In this study, parents of 91 school-age children and 167 adolescents with CP completed a questionnaire regarding educational and rehabilitation resources received within the last 6 months. Rehabilitation services included occupational therapy (OT), physical therapy (PT), speech language pathology (SLP), psychology and special education. Demographic characteristics were documented and developmental and functional status was assessed. Relationships between service utilization and sociodemographic factors, functioning and school setting were determined.

Results

Over half of children (53.2%) and adolescents (57.5%) were in regular schools; however, 41% of these required special education resources. The remainder (42.5–46.8%) was in special schools. The majority of children (84.6%) were receiving at least one rehabilitation service although this decreased (68.1%) in adolescence. PT and OT were most common and services were provided predominantly in the school setting.
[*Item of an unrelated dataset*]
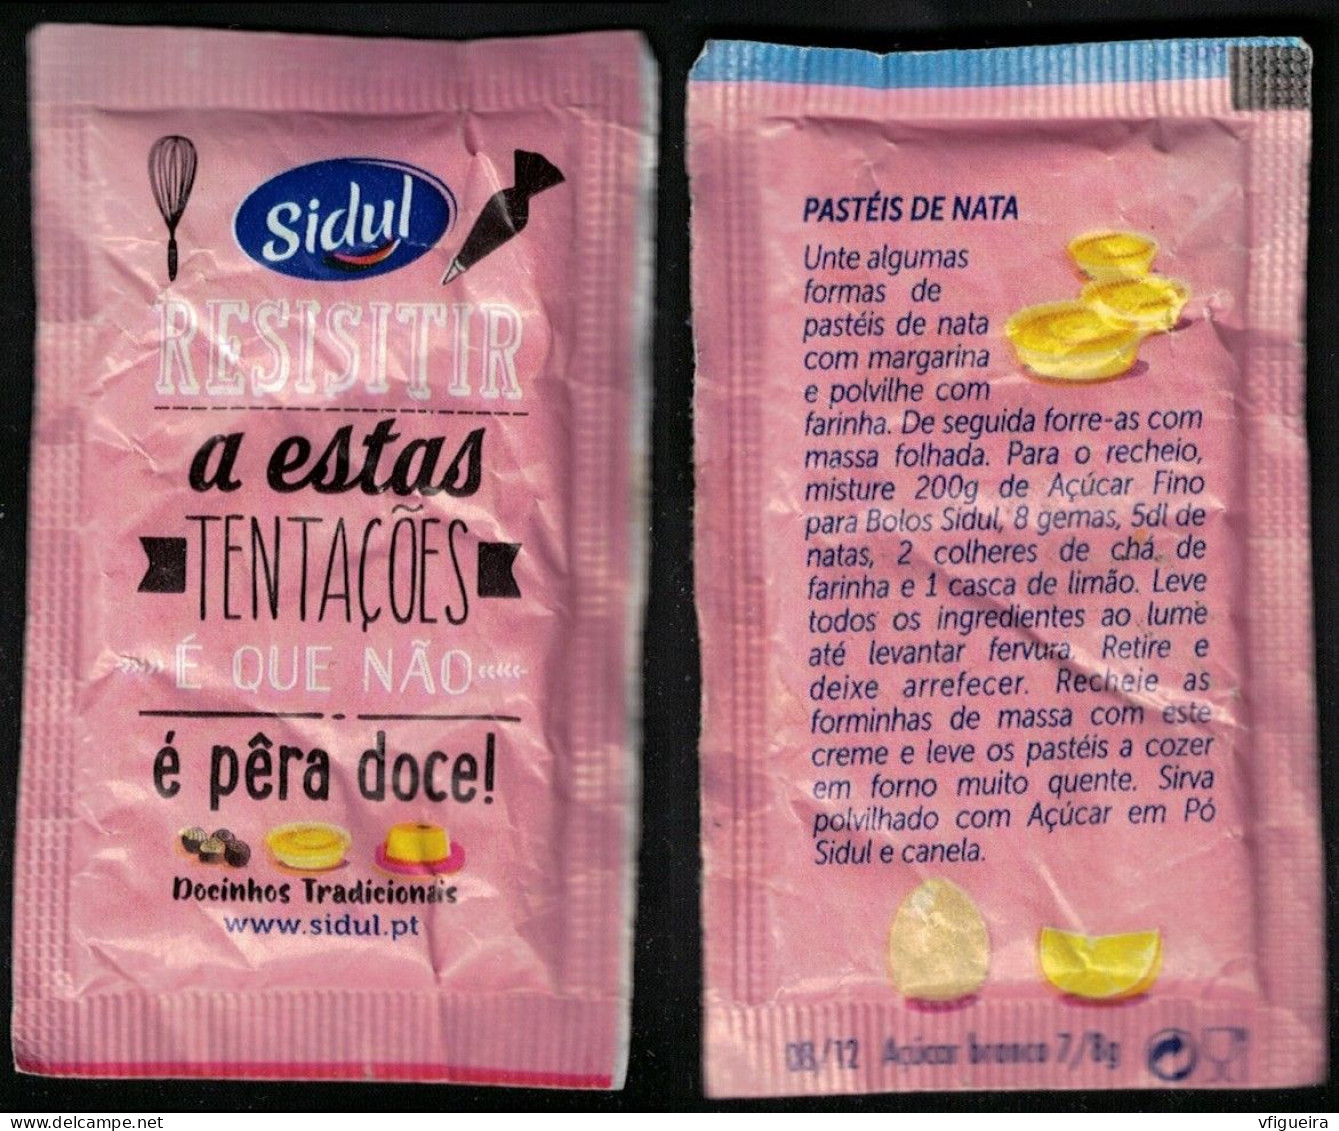 Portugal Sachet Sucre Sugar Bag Sidul Resistir A Estas Tentações é Que Não é Pêra Doce Pastéis De Nata - Sugars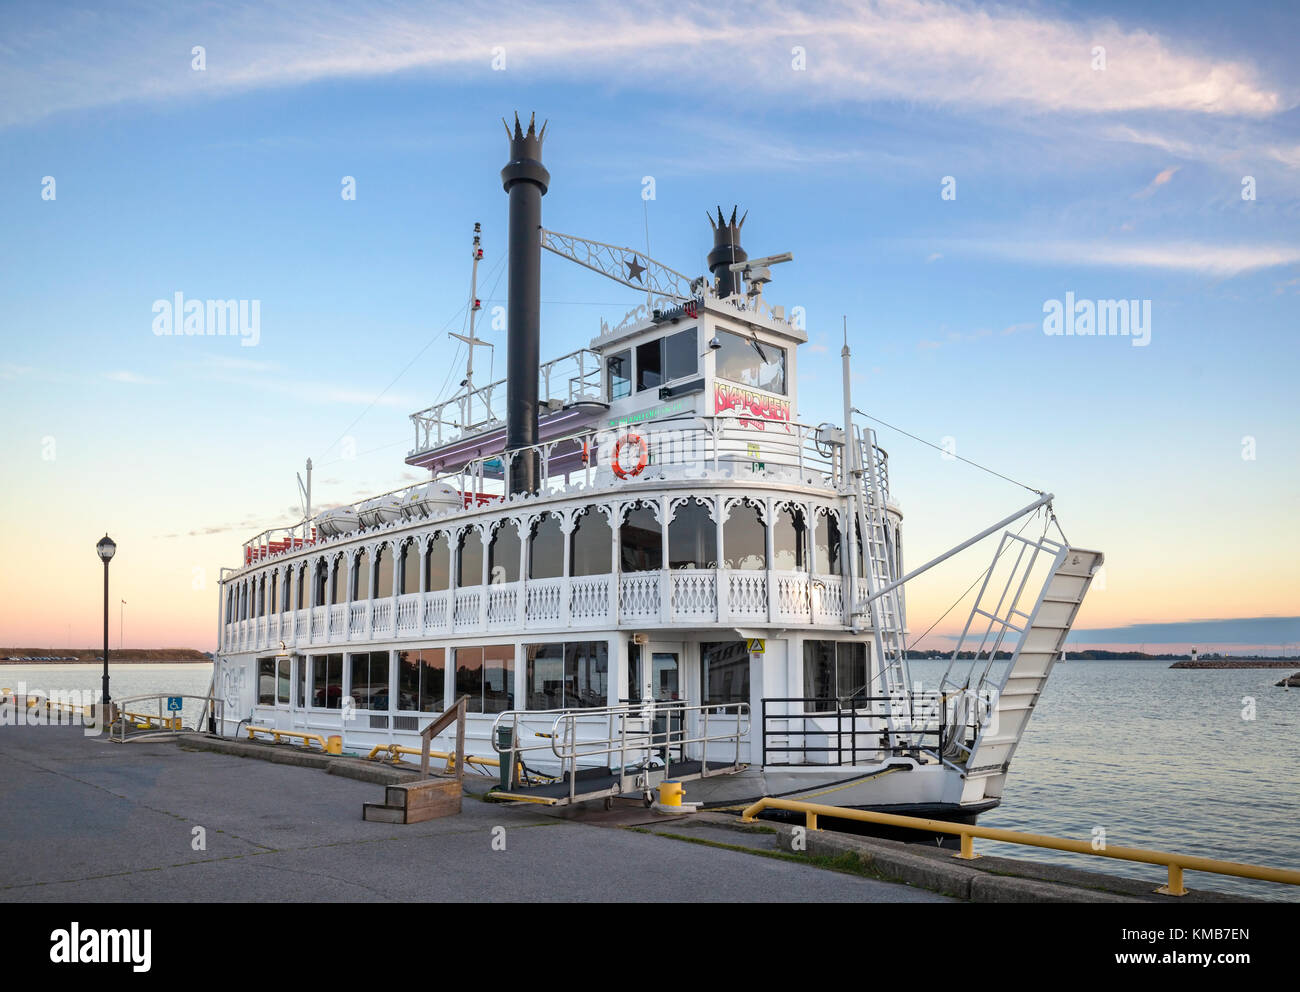 Die Insel Königin III ist ein Kreuzfahrtschiff in den Mississippi River Boat Stil gebaut und Angedockten bei Crawford Wharf in der Eidgenossenschaft Becken. Stockfoto

Services were primarily weekly direct interventions at school age, with weekly interventions or consultations most common for adolescents. Younger age was associated with service receipt at school age only. Children with greater motor limitations, lower IQ and greater activity limitations were more likely to receive OT, PT, SLP or special education. Children in segregated schools were significantly more likely to receive rehabilitation services, when compared with children in regular schools.

Conclusions

The majority of children and youth received one or more services. Individuals with greater motor or cognitive challenges were more likely to receive a range of school-based services from rehabilitation specialists. When compared with children of school age, adolescents were less likely to receive services and when provided, services were more likely to be consultative. Services may need to be more optimally organized through childhood to enhance benefits to children with CP across activity limitation profiles.